Fluorescence is used to monitor the movement of the molecules. In the spot of heating, the fluorescence signal is detected. If the  fluorescence signal decreases during heating, molecules move away from the heated spot (this is what we mostly see for biomolecules, it's called positive thermophoresis). The movement of the molecule is different if in the unbound or bound state, so one species shows a stronger thermophoresis, the other one a weaker thermophoresis. Therefore, the difference in fluorescence which is plotted in the graph corresponds to the different movement of molecules in the temperature gradient.

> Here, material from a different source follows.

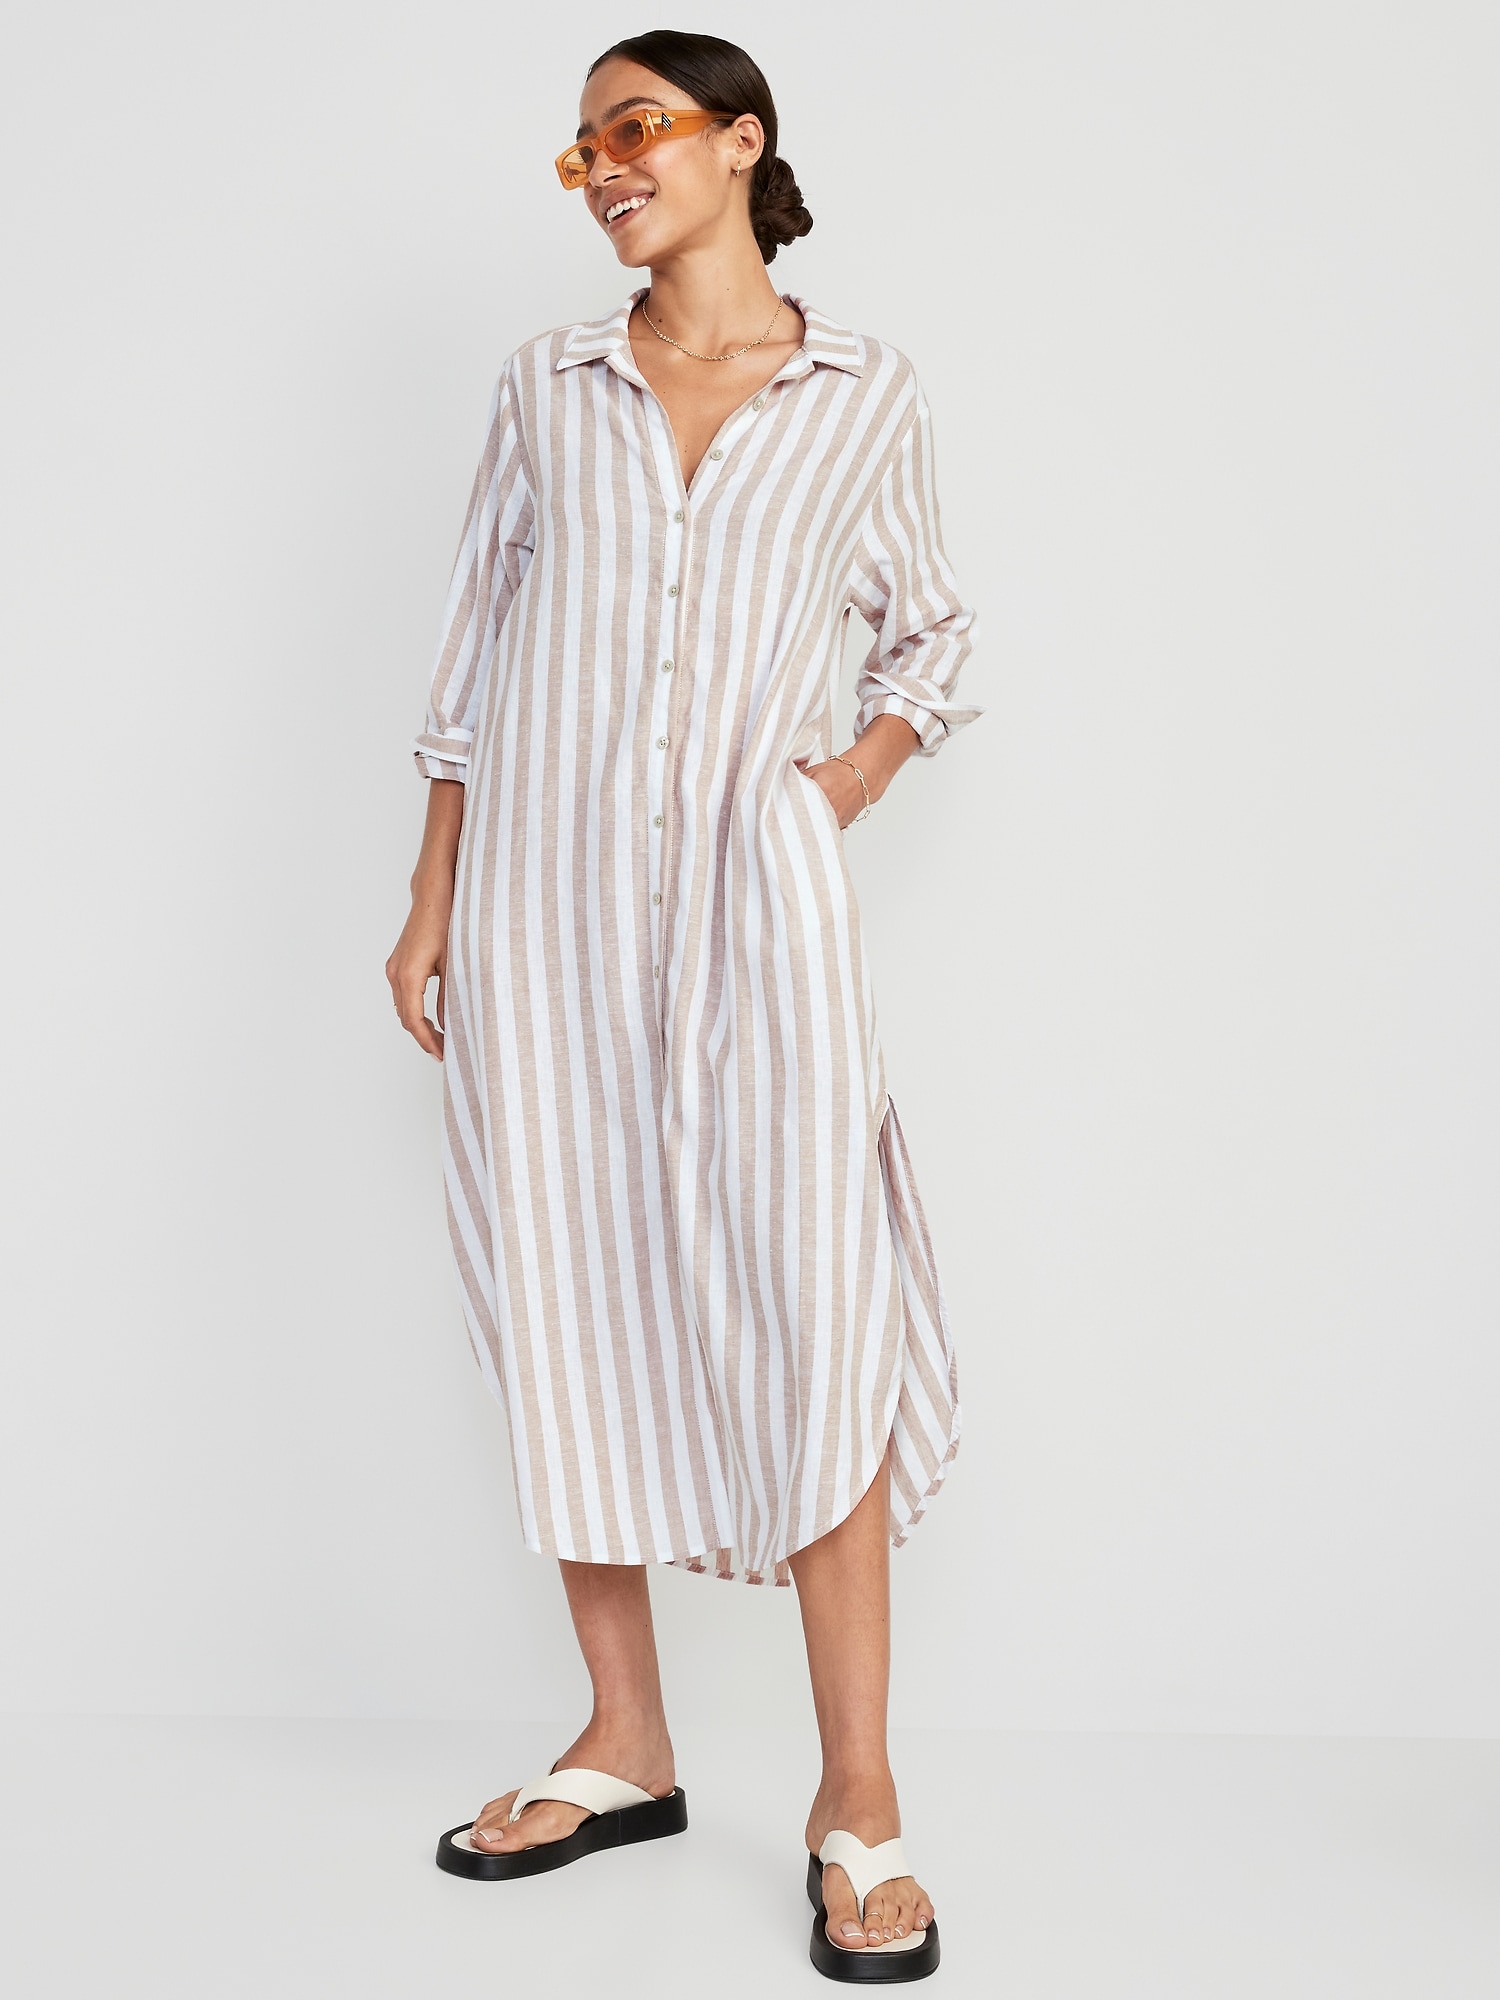 Long-Sleeve Linen-Blend Shirt Dress for Women | Old Navy

Right, you could use Cy5 labeled promotor and check the affinities for TF with and without interacting partner. The negative control is also straight forward. With MST, you could also investigate the binding affinity of the TF towards the interacting partner.

Let me know if you have any further questions!

Well, my next question would be about the amount of protein and DNA I would need.

And whether you would be willing to establish a collaboration if I send the proteins and DNA ... my lab unfortunately won't buy the necessary equipment since this would be a time point experiment most likely not going to be repeated with different proteins ...

Thanks!

Cy5 is a very bright fluorscent dye, you can easily go down to 10nM. The protein concentration depends on the affinity. For MST, you will prepare a dilution series of the protein starting with concentrations around 20fold above the Kd to obtain suffient data points for a good binding curve, both in the saturation and baseline.

You can quantify the interaction between any kind of biomolecules with MST! So I'm sure you will find a huge bunge of applications which you could use MST for :-) 

Let's further discuss via email. Thanks for the discussion and for your interest!!